There have officially been 77 governors of the state of Georgia, including 11 who served more than one distinct term. Georgia was one of the original Thirteen Colonies and ratified the Constitution of the United States on January 2, 1788. The early days were chaotic, with several gaps and schisms in the state's power structure, as the state capital of Savannah was captured during the American Revolutionary War. After independence was achieved, the office was solidly Democratic-Republican until the 1830s, when the office began to be contested by Democrats and Whigs for a few decades.

It seceded from the Union on January 19, 1861, and was a founding member of the Confederate States of America on February 4, 1861. Following the end of the American Civil War, Georgia during Reconstruction was part of the Third Military District, which exerted control over governor appointments and elections. During Reconstruction, it had two Republican governors. Georgia was then readmitted to the Union on July 25, 1868, expelled from Congress for failures in Reconstruction on March 3, 1869, and again readmitted on July 15, 1870. After the end of Reconstruction and the state was allowed to govern itself again, Democrats would be the only party elected for the next 131 years.
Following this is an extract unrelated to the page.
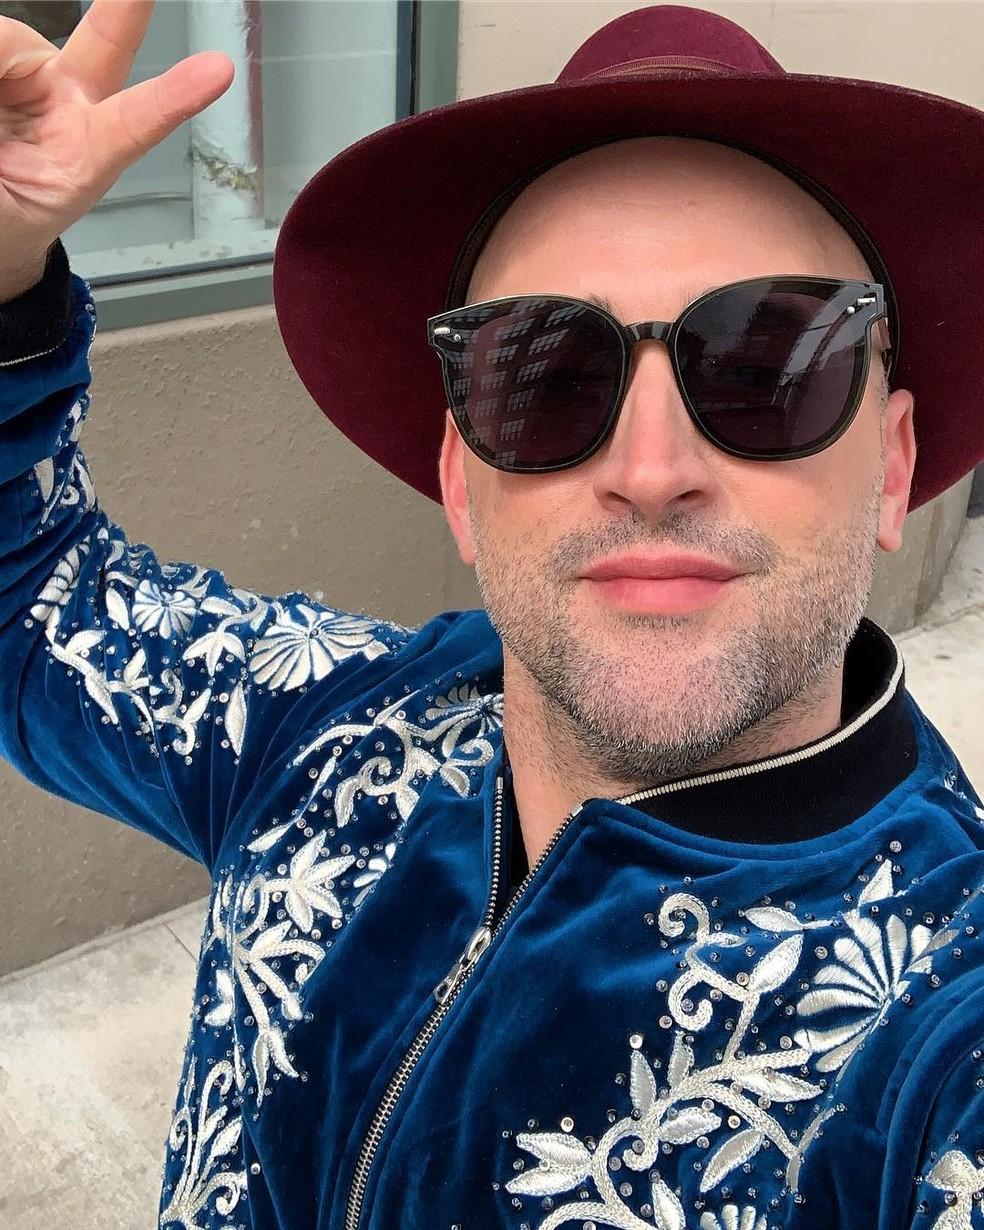 Com filme sem beijo gay, Paulo Gustavo foi criticado e respondeu: 'Povo está muito raivoso' — Foto: Reprodução/Instagram/PauloGustavo

The longest-serving governors are George Busbee, Joe Frank Harris, Zell Miller, Sonny Perdue, and Nathan Deal, each of whom served two full four-year terms; Joseph E. Brown, governor during the Civil War, was elected four times, serving seven and a half years. The shortest term of the post-revolutionary period is that of Matthew Talbot, who served 13 days after succeeding his predecessor who died in office. One man, Eugene Talmadge, died before taking office in his third distinct term, leading to a dispute in which three people claimed the office.

===Exceptions and omissions===
The revolutionary government was thrown into disarray by the capture of Savannah in 1778, which led to several governments with varying levels of influence; they would reunite in 1780. The Official and Statistical Register of Georgia ignores the Council of Safety of William Ewen in favor of Archibald Bulloch's government, and omits the government of William Glascock and Seth John Cuthbert. The Register includes colonial governors in its numbering, listing Archibald Bulloch as the 7th governor.
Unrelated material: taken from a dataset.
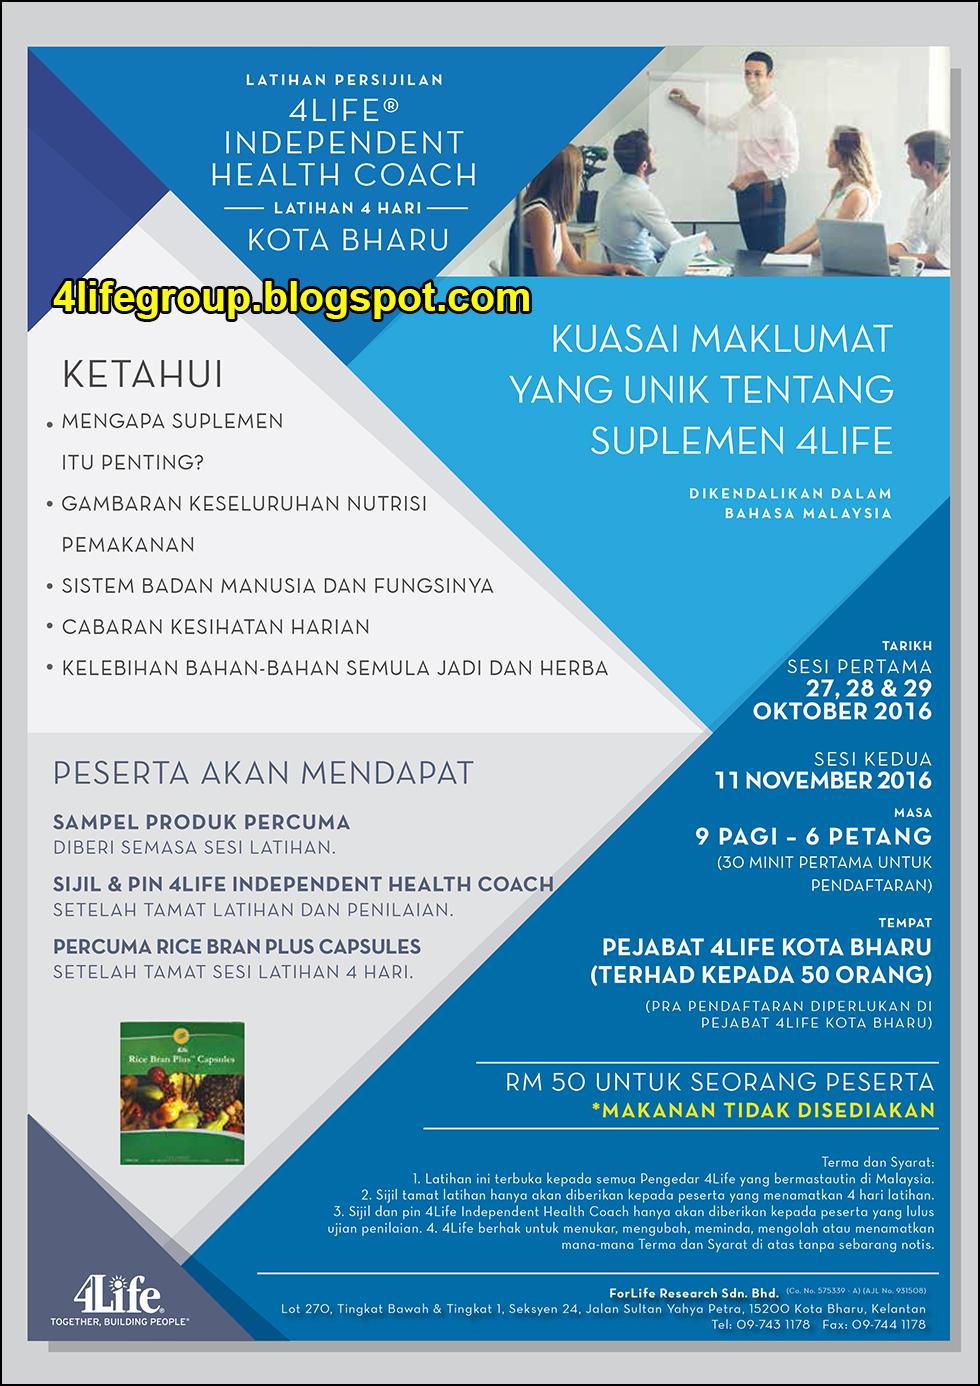 foto Latihan Persijilan 4Life Independent Health Coach @ Kota Bharu

=== Three governors controversy ===

In December 1946, Governor-elect Eugene Talmadge died before assuming office. Talmadge's son, Herman, was appointed governor by the State Legislature. This was challenged by the Lieutenant Governor-elect Melvin Thompson, who maintained that the state constitution authorized him to assume the office upon the death of the governor. Outgoing governor Ellis Arnall announced that he would not relinquish the office until it was clear who the new governor was. The political turmoil that ensued became known as the "three governors controversy". In January 1947, while all three governors occupied different portions of the State Capitol, Secretary of State Ben W. Fortson Jr., took the Great Seal of the State of Georgia and hid it. This prevented any of the claimants to the governorship from executing any business until the Supreme Court of Georgia could make a ruling on the rightful winner. Thompson was eventually declared "acting governor" until a special election could be held to fill the remainder of the original term. Herman Talmadge won the special election and served out the remaining portion of his father's term.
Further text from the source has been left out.